Ей стало стыдно, что за собственными переживаниями все вылетело у нее из головы, даже ужасное землетрясение в Армении, о котором она узнала еще до отъезда и на которое сразу же улетел ее брат.
– Нет, – покачал головой отец. – Им там, судя по всему, не до звонков. Мы же видели по телевизору, прямо в палатках оперируют. Но я уверен, если бы что-нибудь случилось, мы знали бы, мама зря волнуется!
Ева уже привыкла к тому, что отец помнит о маме постоянно и с нею связывает все, что происходит в жизни – рядом ли, за тысячи ли километров. Иногда ей казалось, что жизни, не связанной с Надей, для отца просто не существует. Так было всегда, и это никогда не удивляло Еву в таком спокойном, мужественном человеке, как ее отец. Она выросла с этим и не представляла, что может быть иначе. Ведь иначе – как жить вместе, зачем?
Может быть, мама и в самом деле приболела только слегка, но когда Ева вошла в квартиру, та вышла ей навстречу не сразу: наверное, вставала с кровати.
– Слава Богу, – сказала мама. – Наконец вернулась! Не целуй, не целуй, заразишься, у меня грипп, кажется. – Она отстранилась от Евы и даже отошла на несколько шагов назад, встала у дверной притолоки. – Что это с тобой?
– Ничего, – улыбнулась Ева. – Просто поцеловать тебя хотела.
– Ты вся взбудораженная такая, – заметила мама тем мимолетным, хорошо Еве знакомым тоном, который всегда свидетельствовал о волнении. – Случилось что-нибудь?
– Нет, мам, правда ничего. Устала, конечно, с непривычки, не спали сегодня всю ночь… А так – все нормально!
Конечно, маму не обманешь бодрым тоном. Но и выспрашивать, требовать рассказа о том, о чем Ева рассказывать не хочет, она тоже не станет. Поэтому можно было просто наклониться, развязывая тяжелые туристические ботинки и заодно пряча лицо.
…В десятом классе под конец года по программе значился раздел «Мировая литература», и проходили «Гамлета». Правда, Ева не любила слова «проходили» и всегда незаметно поправляла учеников и даже учителей, если они его употребляли.
Конечно, в мае ребята уже расслабились, им неохота было рассуждать о высоком, и в этом смысле время для «Гамлета» было выбрано неудачно. Но в глубине души Ева считала, что это даже хорошо. Все оценки были уже получены, исправлены, снова получены и исправлены окончательно, и поэтому разговор оказывался лишенным практической цели. И, значит, получался именно такой, какой она любила. А то, что по Шекспиру наверняка не придется писать ни выпускное, ни вступительное сочинение, придавало размышлениям о нем дополнительную прелесть необязательности.

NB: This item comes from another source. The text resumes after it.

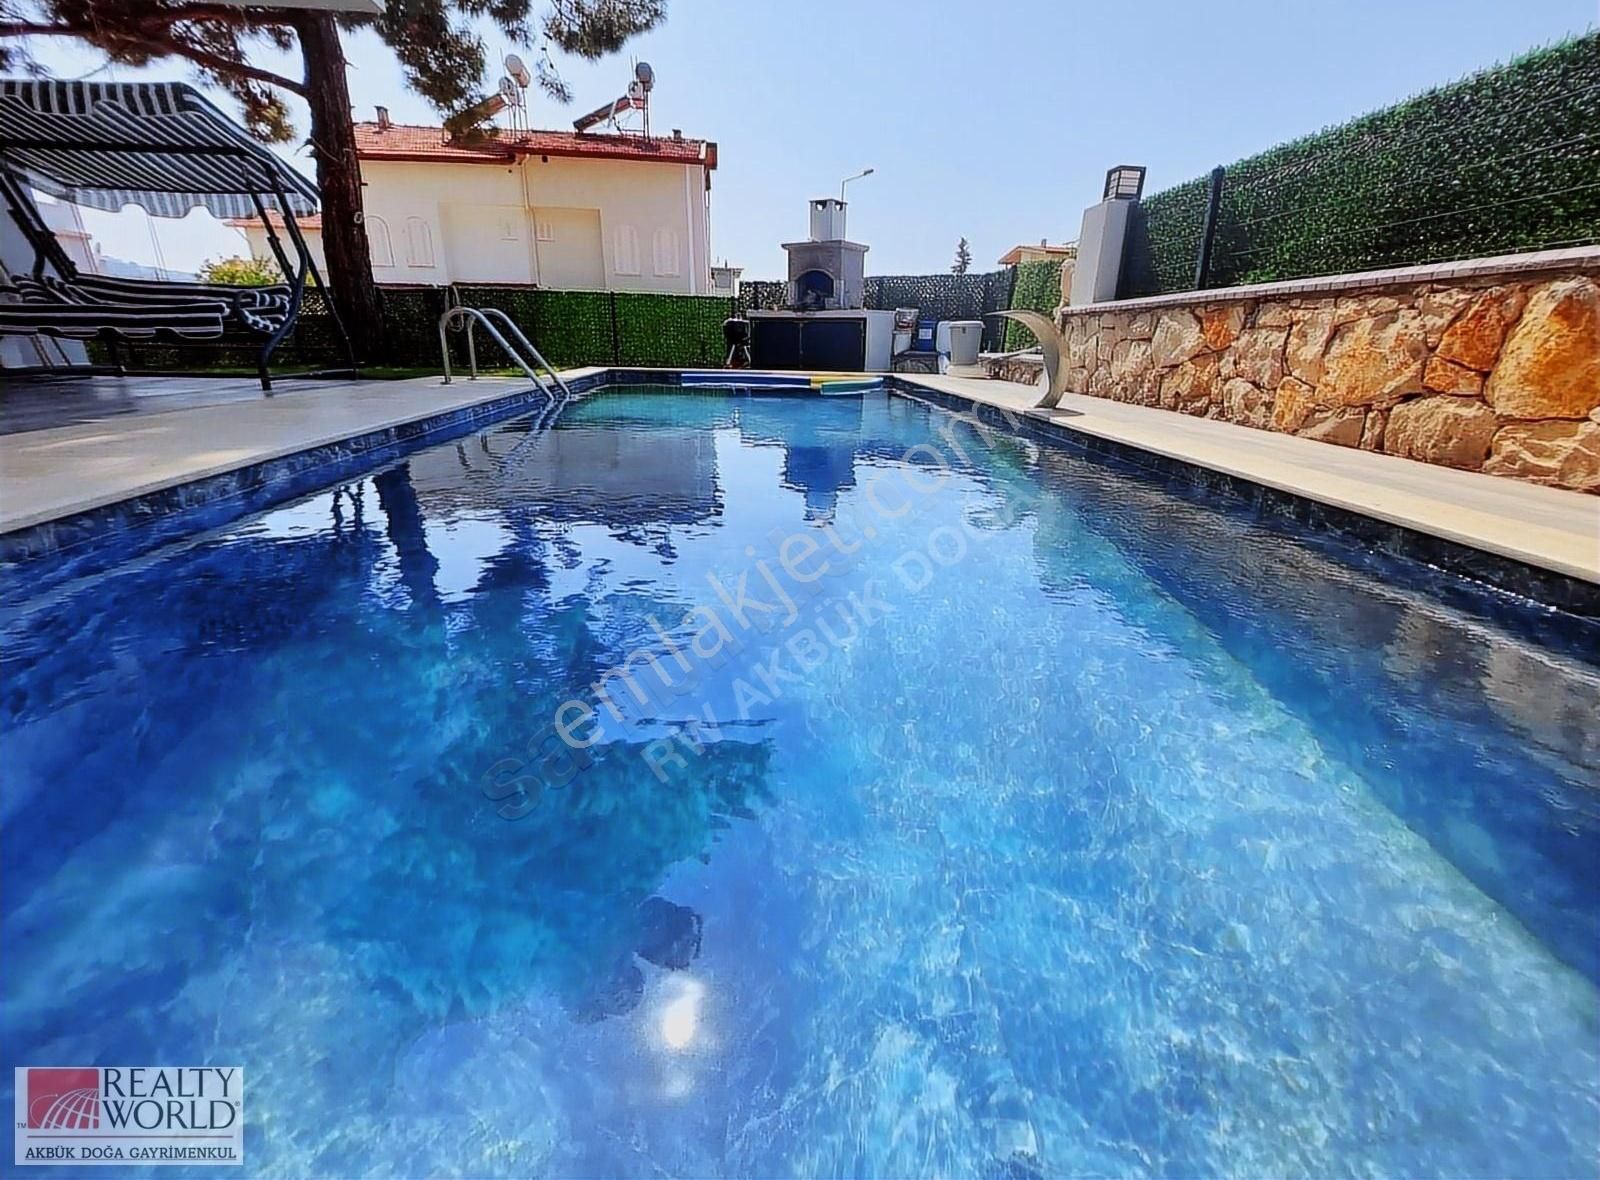 Didim Akbük Satılık Villa Didim Akbük'te Acil satılık özel havuzlu sıfır villa

Классы в гимназии были небольшие, человек по пятнадцать, и это тоже способствовало пониманию. Правда, урок в десятом классе был последним, и майский ветер из окна наверняка волновал ребят сильнее, чем самая увлекательная беседа о принце Датском.
Десятиклассники были Полинкиными ровесниками. Вообще Ева всегда думала о сестре, когда готовилась к урокам в старших классах: представляла, интересно ли было бы Полине ее слушать. И всегда меняла свои планы, если чувствовала, что сестра заскучала бы. Полинка была, конечно, не такая, как все, но Ева и не стремилась говорить с каким-то усредненным человеком, ей самой это было просто неинтересно.